In a year that disrupted how people live, work and socialize, changes in voting behavior have been dramatic and could last beyond Nov. 3.
At the start of Election Day, nearly 2 million voters across Wisconsin had already voted, either via an absentee ballot sent in the mail or by filling out an absentee ballot at an early voting site. In 2016, just over 819,300 absentee ballots, many of which were cast in person, were received.
This is a huge shift in Wisconsin, which has historically been a state where a majority of people vote in person on Election Day and about 6% used an absentee ballot. However, concurrent with the coronavirus pandemic sweeping the nation, the state saw 60% of people vote absentee by mail in the April election.

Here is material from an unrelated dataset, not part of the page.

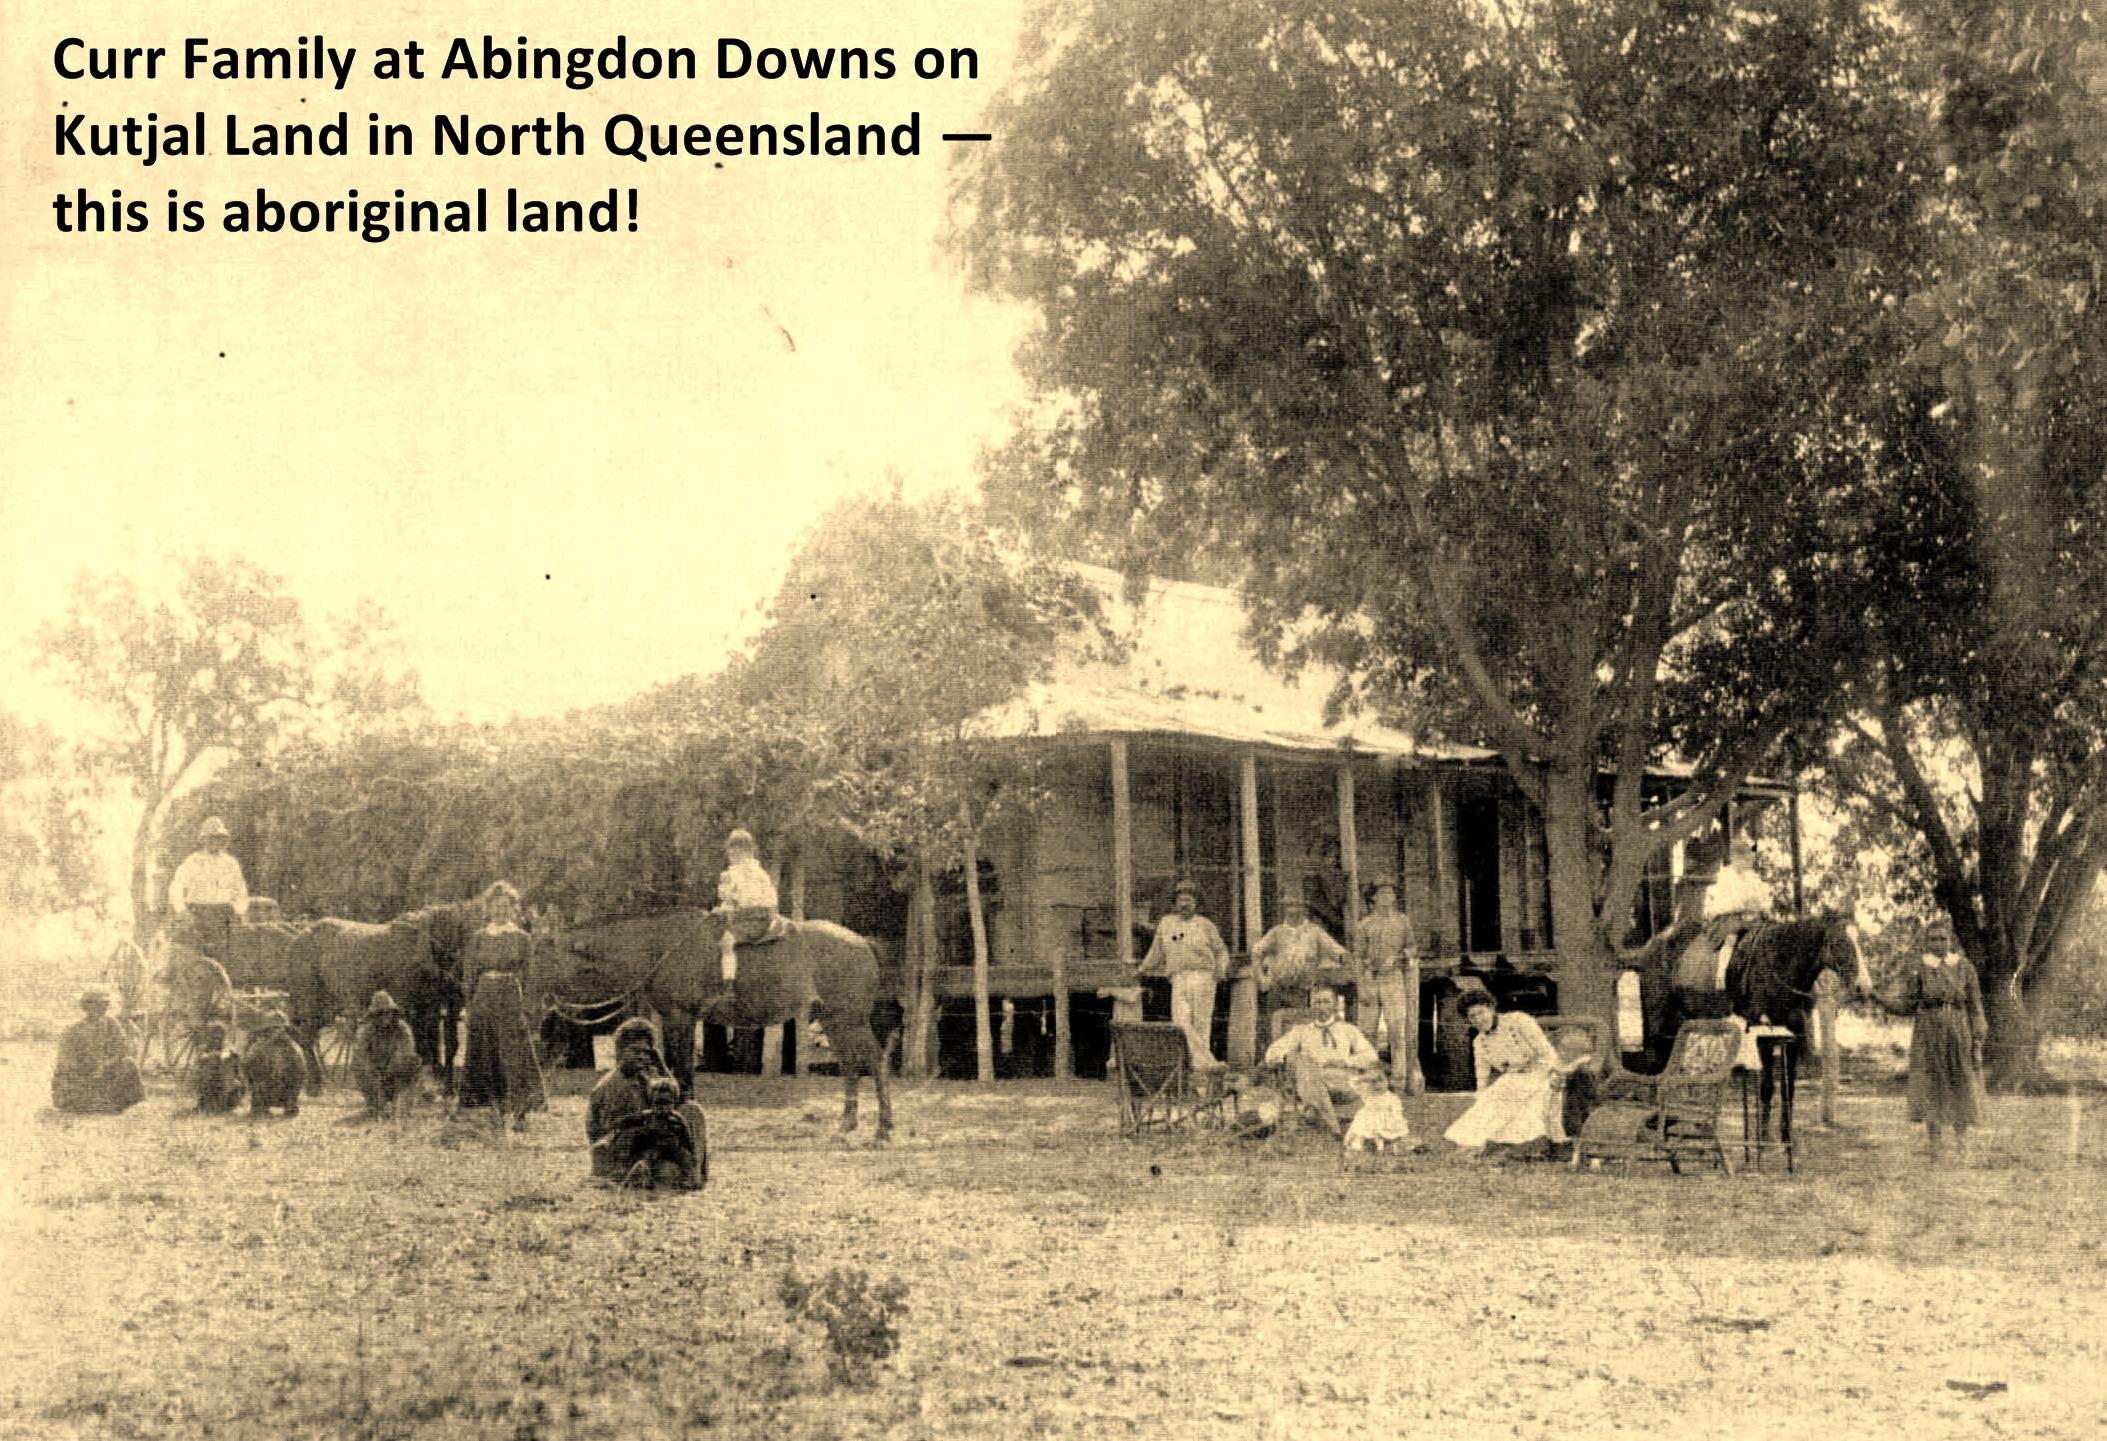 Abingdon Downs on Kutjal land in North Queensland

“Throw out all the old records,” Reid Magney, public information officer for the Wisconsin Elections Commission, said at a briefing last month. “There’s nothing that compares to what’s going on now.”
Wisconsin Elections Commission Administrator Meagan Wolfe said at a briefing in the days before the presidential contest that voters may now be more aware of their options for casting ballots and registration.
Alternatives to voting in person on Election Day include voting by mail with an absentee ballot or in-person absentee voting — when voters cast their ballot ahead of the election in person with an absentee ballot. Wolfe said during the day Tuesday that a new trend in voting behavior includes voters receiving an absentee ballot by mail but returning it on Election Day.
Also, some voters may be turning to online voter registration versus registering to vote in person.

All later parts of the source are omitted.